# I have started to figure out this whole 'social' deal.



## TheWildeOne (May 15, 2014)

I've been in college for going on five semesters now, and in that entire time, I have made a grand total of zero friends - thanks, in large part, to the obligatory reason I'm on this forum in the first place.

But, slowly and surely, I've managed to, at the bare minimum, get more social and, for me, more bold in dealing with people. Last semester, I read some of my poetry at the school's annual event for, er, doing that, I suppose. I felt like I was about to die the entire time and I don't even _remember_ the occasion, but it felt like the right thing to do at the time, as I sat there, staring at my feet, letting my insides roil as I weighed the consequences of doing it (which, let's face it, were inconsequential. It's a poetry reading).

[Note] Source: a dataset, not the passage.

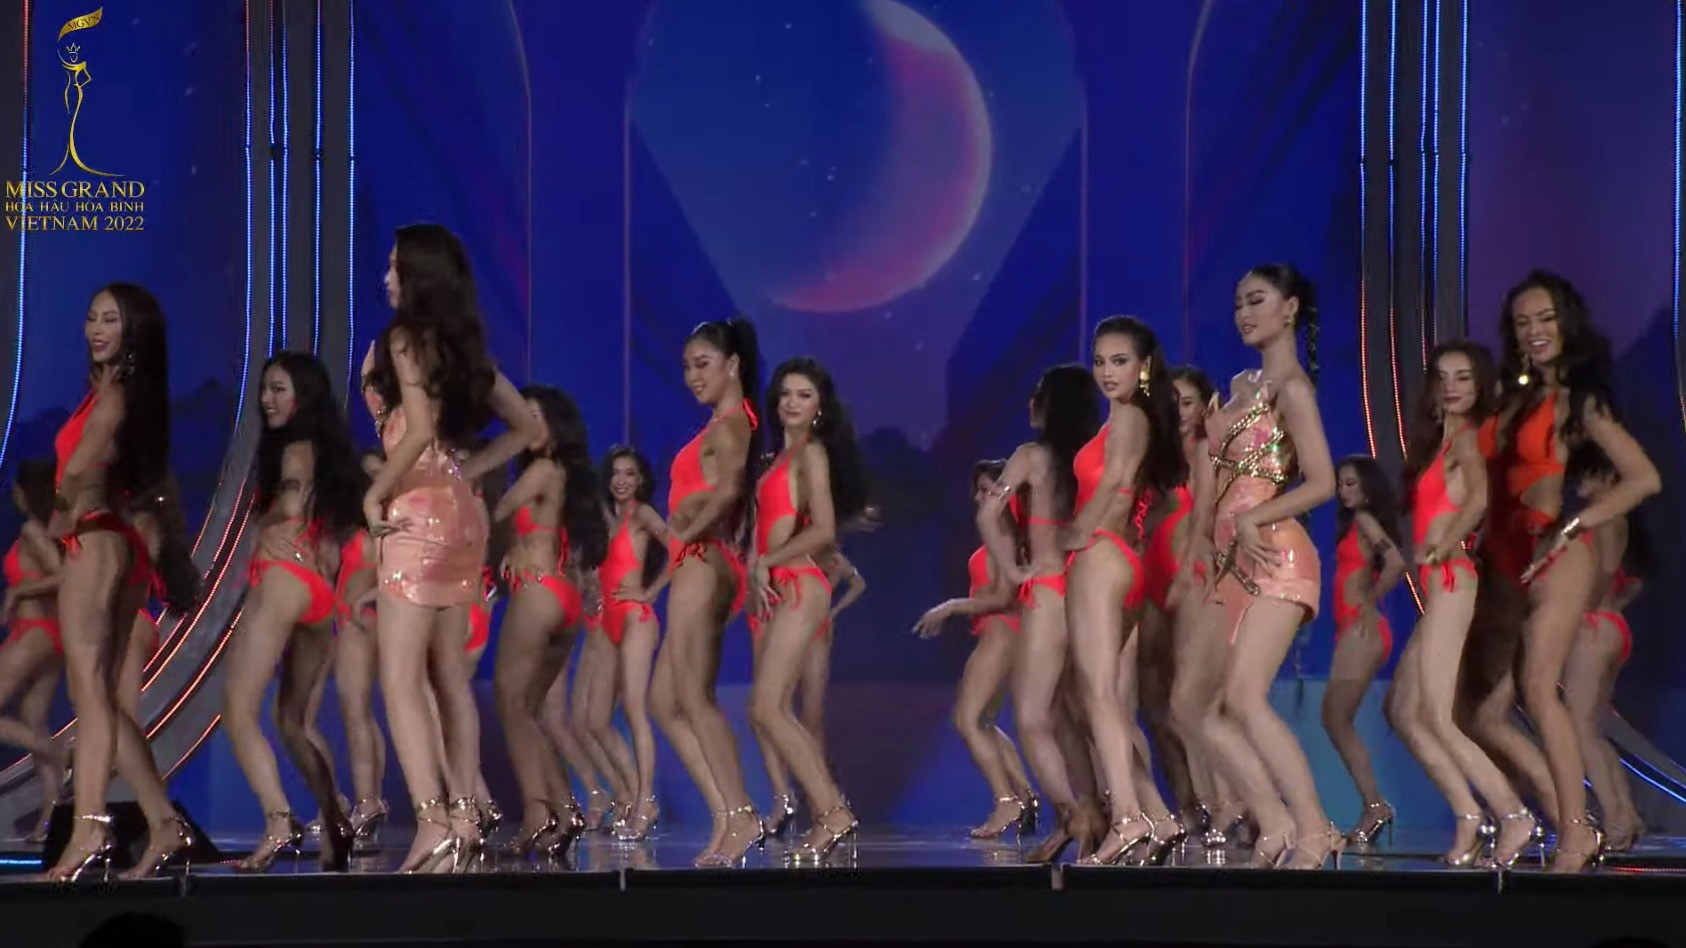 Đoàn Thiên Ân đăng quang Miss Grand Vietnam - Hoa hậu Hòa bình Việt Nam 2022 - 22

This semester, I'm president of my local college's philosophy club, a member of the psychology club, and am making an effort to interject with questions, remarks, and even just jokes in class - the teachers, surprisingly, appear as receptive to this as the students! One of these days I'll learn how to stay in contact with friends I make in my classes, and then I will feel as though I have truly won.

I don't think I'll ever stop feeling like I'm in intense danger whenever I'm in a social situation, though. :no


----------



## Manning (Jan 23, 2011)

It sounds like your on the right course to me, much more then what I would consider the bare minimum, I can count on one hand the total number of people I have sincere social contact within a given months time; with that being said maybe you are preforming at the bare minimum :laugh: .


----------



## man143 (May 24, 2013)

Thats a great news. A tip from me. Give credit to yourself for every little thing you do. And after the social situation just focus on the good things that came out of it. Dont worry if you made a mistake, forgot a word or felt anxious. Remember, we r all humans, we all make mistakes. Keep it up.


----------



## gopherinferno (Apr 7, 2009)

and you did it all with your own brain and face, how about that? you're a hero


----------



## Penguinfan (Apr 5, 2015)

That is great, they say to become involved which your doing.


----------



## Grizzly1321 (Sep 8, 2015)

I love this post!!! Good on you!


----------



## animefreak (Jun 4, 2013)

Wow, what a huge difference! I'm in college too and this gives me some hope, like it's not too late for things to turn around. Really great job  

Still feeling in danger when you're in social situations, so you're really doing all these things with intense anxiety still? I can't speak from experience but I feel like the more you are involved like this your level of anxiety will decrease. :O Keep going!


----------